Chronological Network Topology Maps for Root Cause Analysis
Find Innovative SolutionsGenerate Solutions
Solution Overview
Problem
Determining the root cause of network alarms in complex networks is difficult due to the large number of alarms, lack of sufficient information, and potential false positives, making it challenging for administrators to identify and resolve issues in real time.
Innovation Solution
A visual chronological record of network conditions is generated, allowing administrators to scroll through network snapshots to identify changes that led to an alarm, using visual network topology maps to trace the causal chain of events.
Engineering Contradictions & Design Principles
Engineering Contradiction Analysis
1Measurement precision
If administrators manually analyze alarms in complex networks, then they can identify root causes, but the process is too slow for real-time resolution
Solution Approach 1:
The system performs preliminary actions by automatically capturing network snapshots and constructing topology maps before alarms occur. When an alarm is triggered, the pre-prepared chronological record and topology evolution data are immediately available for analysis, eliminating the time-consuming manual data collection process while maintaining accurate root cause identification.
2Measurement precision
If administrators investigate all network conditions thoroughly, then they can determine the root cause, but the complexity of complex networks makes this difficult
Solution Approach 1:
The system segments the complex network investigation process into distinct components: network snapshot capture, topology map construction, chronological record generation, and alarm correlation analysis. Each component handles a specific aspect of the investigation, breaking down the overwhelming complexity into manageable segments that can be processed systematically.
Solution Approach 2:
The system introduces an intermediary automated analysis platform between the administrators and the complex network.

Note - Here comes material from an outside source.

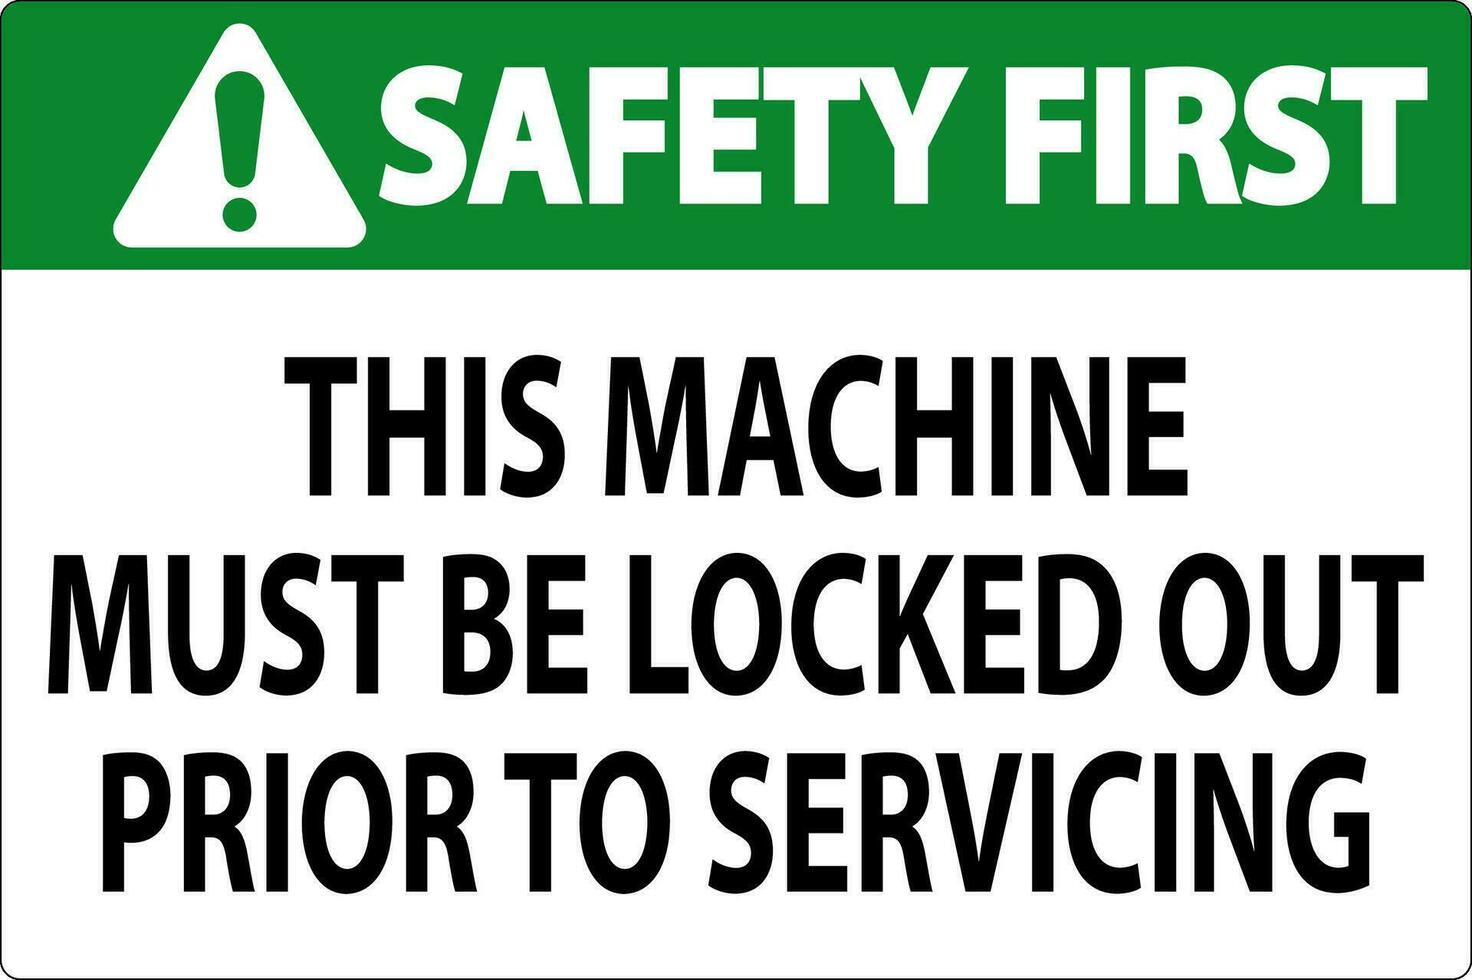 Safety First Machine Sign This Machine Must Be Locked Out Prior To Servicing vector

This intermediary automatically collects data, constructs topology maps, and correlates alarms with network events, shielding administrators from the complexity while providing thorough analysis results.
3Productivity
If administrators respond to all alarms immediately, then service disruption is minimized, but false positives lead to unnecessary interventions
Solution Approach 1:
The system uses feedback by comparing alarm data with the chronological network topology record to verify whether an alarm corresponds to an actual network change. This feedback mechanism allows rapid response to valid alarms while filtering out false positives, maintaining both high response speed and reliability.
Data Source
AI summary
Embodiments are directed a system that monitors a plurality of relevant network conditions of a wireless cellular network. Over time, the system records a plurality of network snapshots based on the monitoring. Each network snapshot reflects a status of each applicable network condition at a respective point in time at which the snapshot was recorded. The system then generates a respective visual network topology map for each network snapshot through which the status of each network characteristic at the point time at which the snapshot was recorded is accessible. The system connects together each network snapshot resulting in a visual chronological historical record of the status of the network at each point time at which the snapshot was recorded reflected by each respective network topology map.